V[1]=RR[1]*RR[2]*RR[3]*RR[4] mod p
V[2]=V[1]*RR[5]*RR[6] mod p
V[3]=V[2]*RR[7] mod p
V[4]=V[3]*RR[8] mod p
V[5]=V[3]*RR[9] mod p
V[6]=V[2]*RR[8]*RR[9] mod p
V[7]=V[1]*RR[7]*RR[8]*RR[9] mod p
V[8]=V[7]*RR[5] mod p
V[9]=V[7]*RR[6] mod p
V[10]=RR[5]*RR[6]*RR[7]*RR[8]*RR[9] mod p
V[11]=V[10]*RR[1]*RR[2] mod p
V[12]=V[11]*RR[3] mod p
V[13]=V[11]*RR[4] mod p
V[14]=V[10]*RR[3]*RR[4] mod p
V[15]=V[14]*RR[1] mod p
V[16]=V[14]*RR[2] mod p

Y[1]=V[16]^2 mod p
S[1]=Y[1]*RR[1] mod p
Y[2]=V[15]^2 mod p
S[2]=Y[2]*RR[2] mod p
Y[3]=V[13]^2 mod p
S[3]=Y[3]*RR[3] mod p
Y[4]=V[12]^2 mod p
S[4]=Y[4]*RR[4] mod p
Y[5]=V[9]^2 mod p
S[5]=Y[5]*RR[5] mod p
Y[6]=V[8]^2 mod p
S[6]=Y[6]*RR[6] mod p
Y[7]=V[6]^2 mod p
S[7]=Y[7]*RR[7] mod p
Y[8]=V[5]^2 mod p
S[8]=Y[8]*RR[8] mod p
Y[9]=V[4]^2 mod p
S[9]=Y[9]*RR[9] mod p

Requiring only 36 mulmod and 9 squaremod operations per p prime
if D=9 to construct this modified S and Y arrays.

[rogue]

Quote:

Originally Posted by R. Gerbicz

p=2 is also a solution.

The S and Y arrays that store the required multipliers for each fractions has got about 180 bits numbers if p is about 10^9. Because lcm(10^1-1,10^2-1,...,10^9-1) has got 94 bits. But it is possible to avoid these large numbers by a binary tree method: if D=9, modifying the definition of S and Y:
S[i]=((10^1-1)*(10^2-1)*...*(10^9-1))^2/(10^i-1) mod p
Y[i]=((10^1-1)*(10^2-1)*...*(10^9-1))^2/(10^i-1)^2 mod p
( so we multiple the fractions by ((10^1-1)*(10^2-1)*...*(10^9-1))^2 )
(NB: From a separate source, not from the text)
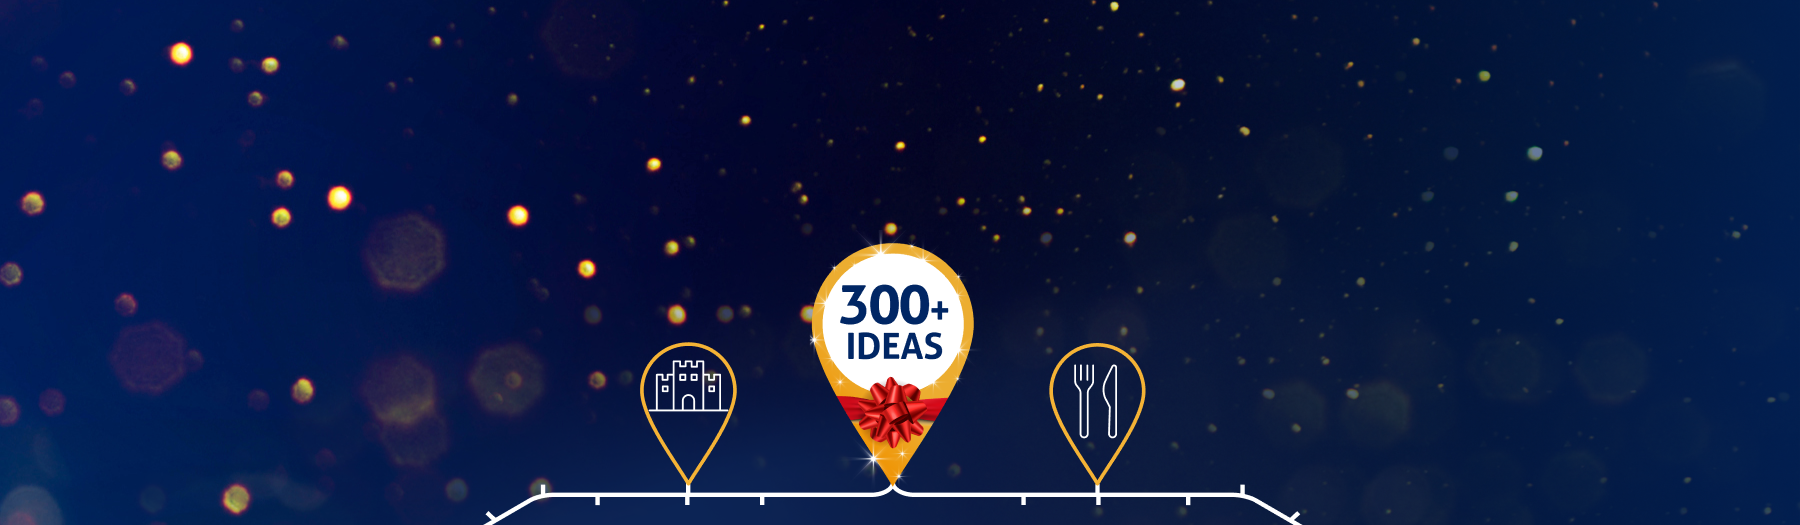 Festive illustration which displays a pin with a red bow on it, which reads 300+ ideas
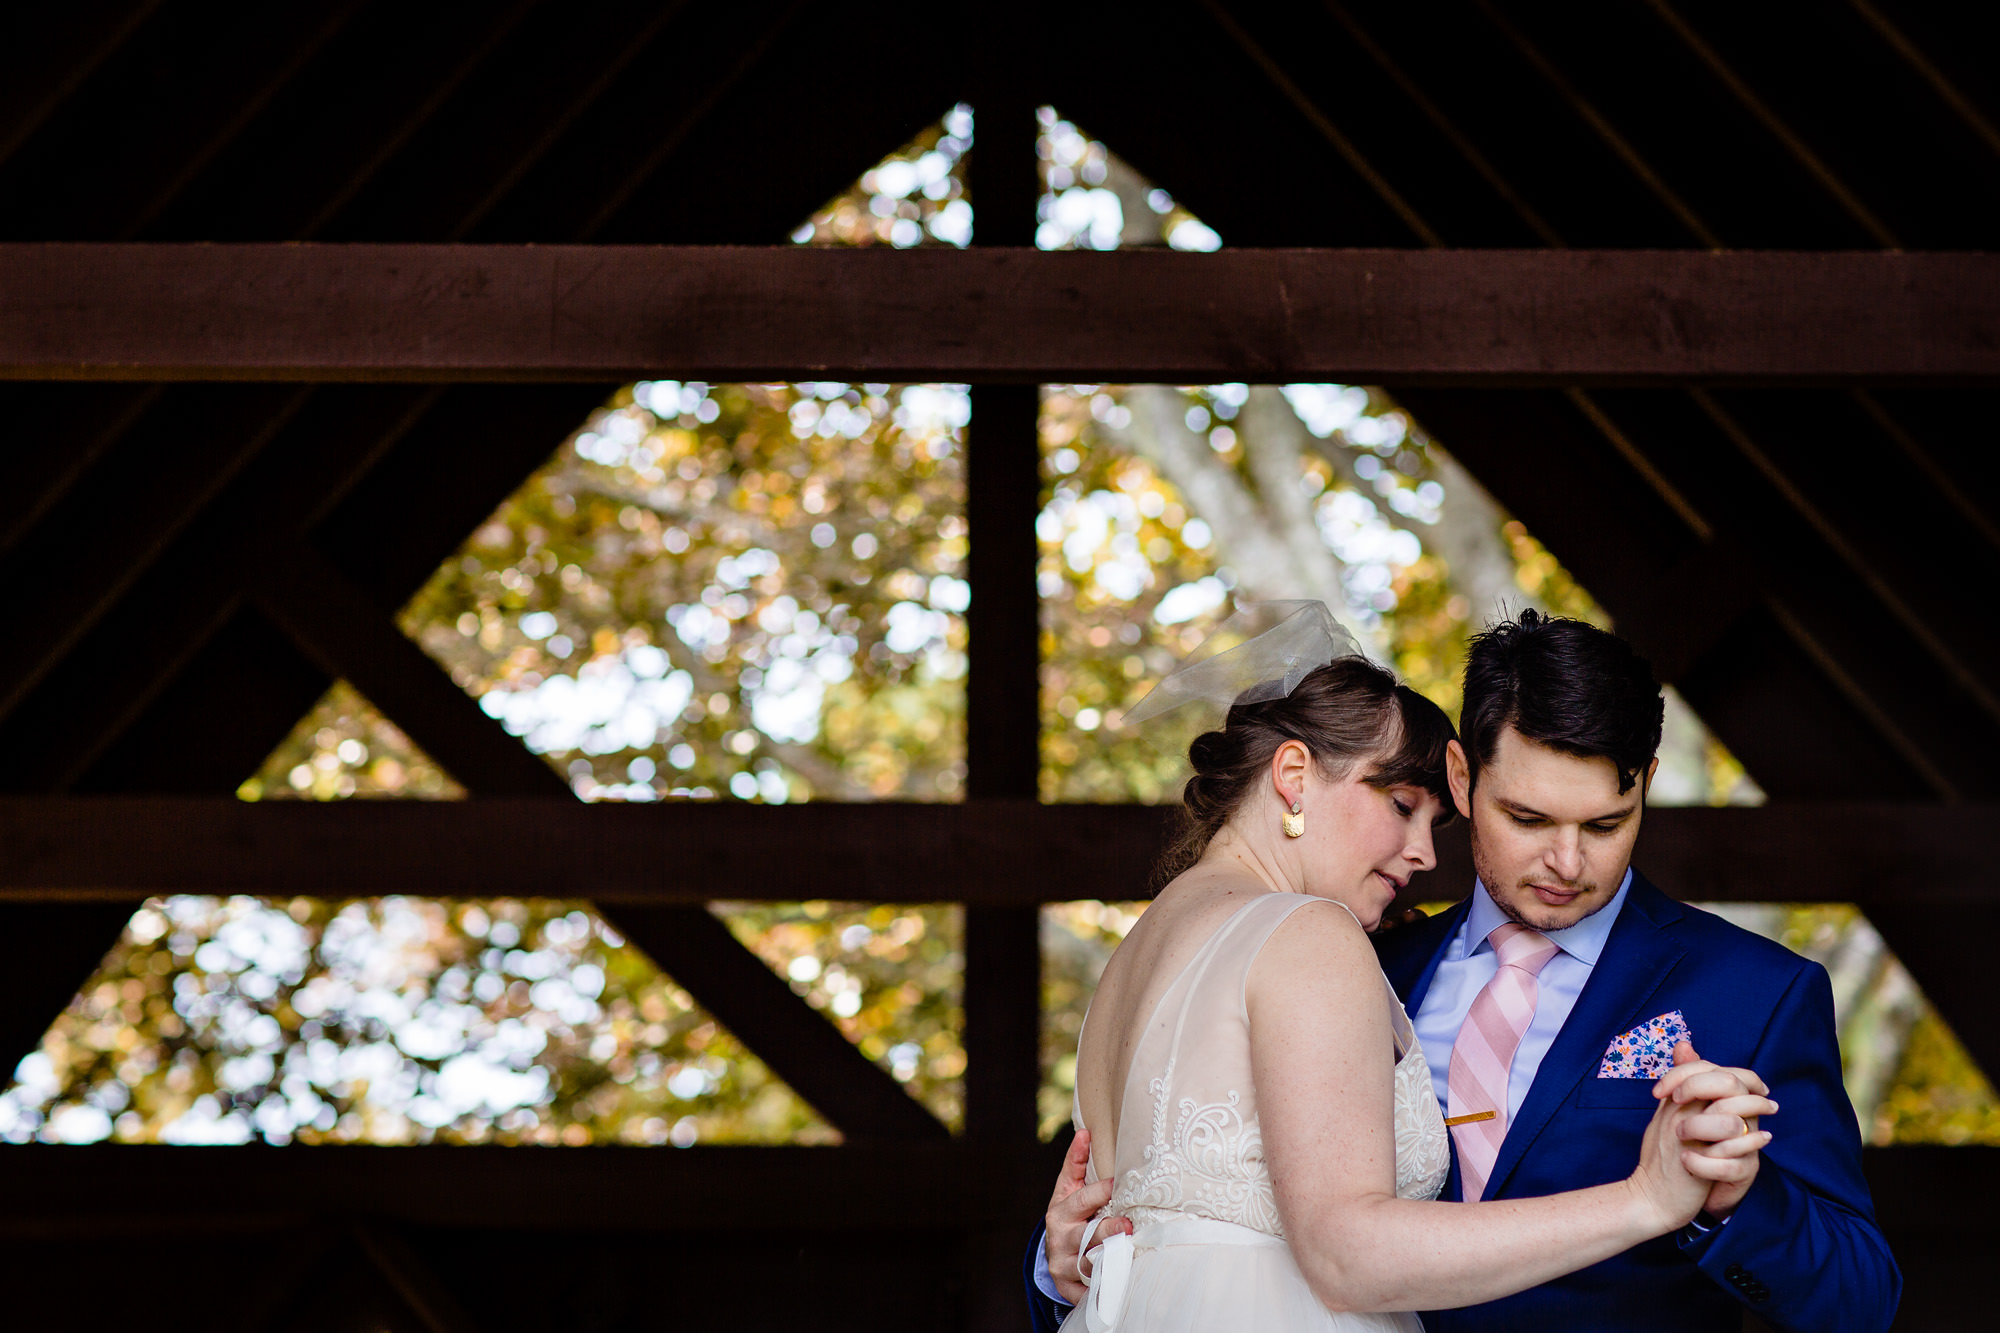 A bride and groom share a first dance at their elopement at the Vesper Hill Children's Chapel in Maine

My sieve doesn't spit out 2. I normally handle it as a special case. 2 is already a known solution, so I ignored it.

Right now, I only use my mulmod/expmod on the U, T, and R arrays and the value of l. AFAICT, only the upper values of the R array do that, but I only get to about R[10] in my testing.

[R. Gerbicz]

I think that S(p) mod p is a random value, so the probability that S(p) is divisible by p is 1/p. By Mertens theorem sumprime(p=2,n,1/p) is about log(log(n)), here the base is e. So there is about log(log(n)) solutions up to n, that's the reason why there is only few known solutions so far.

[rogue]

I've gone up to 1.6e11 (so far) with no new solutions. I have a question. Clearly the value of a can exceed p, but is a % p = S(p) % p for all p or only when S(p) % p = 0?

[R. Gerbicz]

Quote:

Originally Posted by rogue

I've gone up to 1.6e11 (so far) with no new solutions. I have a question. Clearly the value of a can exceed p, but is a % p = S(p) % p for all p or only when S(p) % p = 0?

Actually I multiple the fractions by lcm(10^1-1,...,10^D-1)^2, this is X2 in the code, so a%p=(S(p)*X2)%p, it means that if S(p)%p=0 then clearly a%p=0, but it's not true that a%p=S(p)%p for all p.